Из головы Даны не выходили слова Гершовича о том, что он готов взять в свою галерею и другие ее картины в этой манере. Значит, надо срочно приниматься за работу и создавать новые полотна.
Даной овладело небывалое нетерпение и ажиотаж. Она готова была сесть за мольберт прямо сейчас. Но в самый последний момент вдруг почувствовала, что не сможет плодотворно работать, она выложилась полностью. И ей требуется хотя бы небольшой перерыв. Если она начнет писать сию же минуту, то ничего путного не получится, в голове царит сплошная пустота. Все, что было в ней, она уже воплотила. Теперь нужно время дабы восполнить запасы воображения. Через день-два она будет готова продолжить. И тогда…

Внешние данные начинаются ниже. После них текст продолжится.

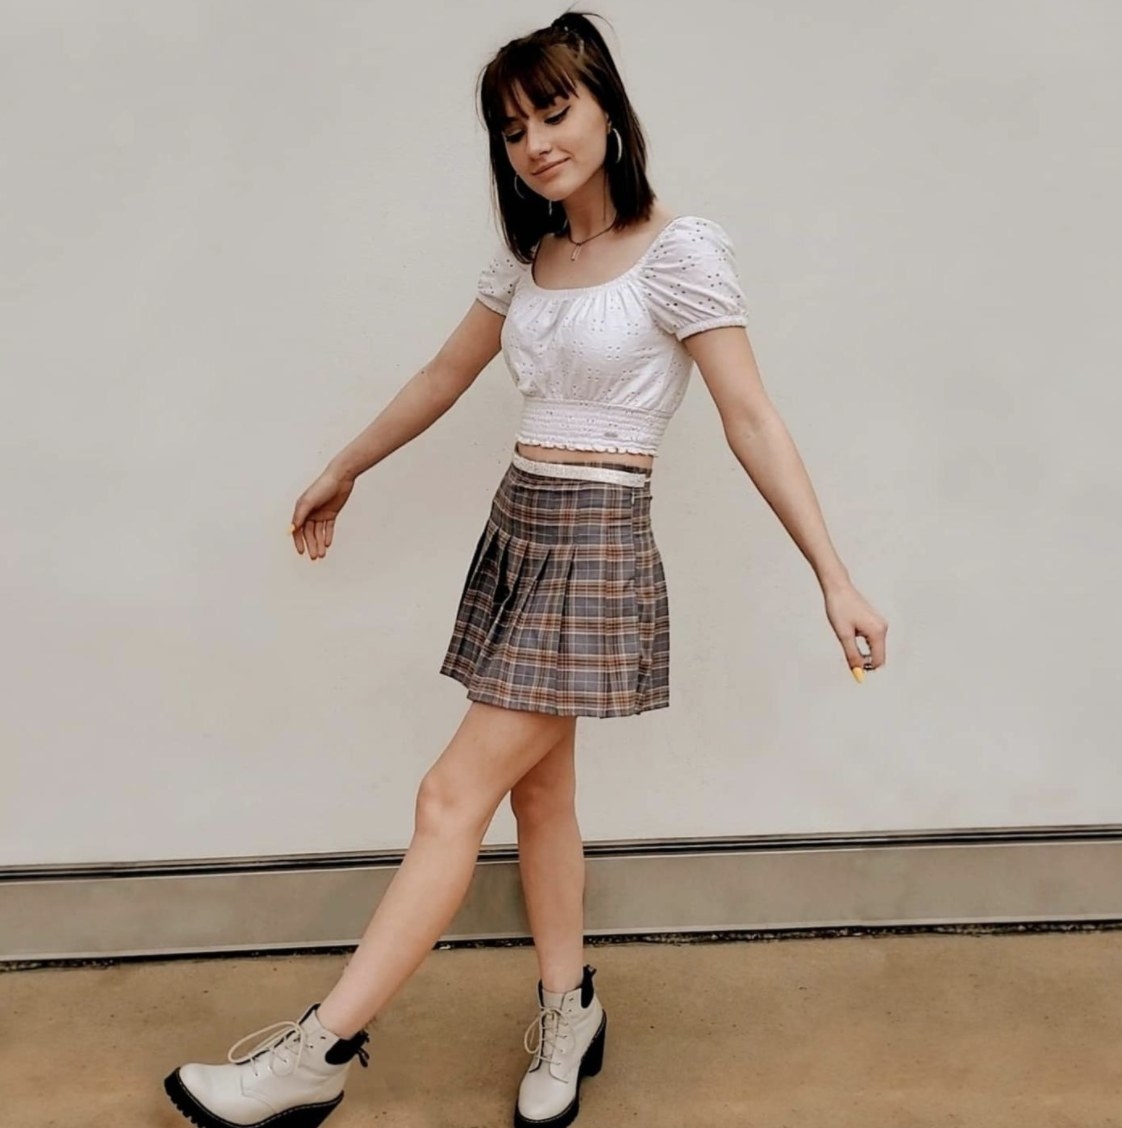 A reviewer wearing a white top and pleated plaid skirt

Дана решила, что сейчас самое время, чтобы оторваться. Она заслужила разрядку, к тому же надо набраться как можно сил для нового рывка. Она стала думать, как с максимальным удовольствием провести время перед предстоящей напряженной работой. В голове то и дело всплывало имя Юлия, но, увы, его нет. И где его найти, не представляет. После невероятного секса с ним, ее одолевало сильнейшее желание. Придется искать замену.
Дана перебирала в памяти знакомых мужчин. И с горечью убеждалась, что никто Юлия не заменит, все не то. Но и без мужчины она не может, он срочно ей нужен. Иначе она в скором времени начнет кидаться на стенку. Конечно, можно удовлетворять себя самостоятельно, так сказать, без посторонней помощи, и периодически она этим занималась. Но сейчас не тот случай, ей, как воздух, требуется реальный партнер, с которым можно не только заняться сексом, но и поговорить, помолчать…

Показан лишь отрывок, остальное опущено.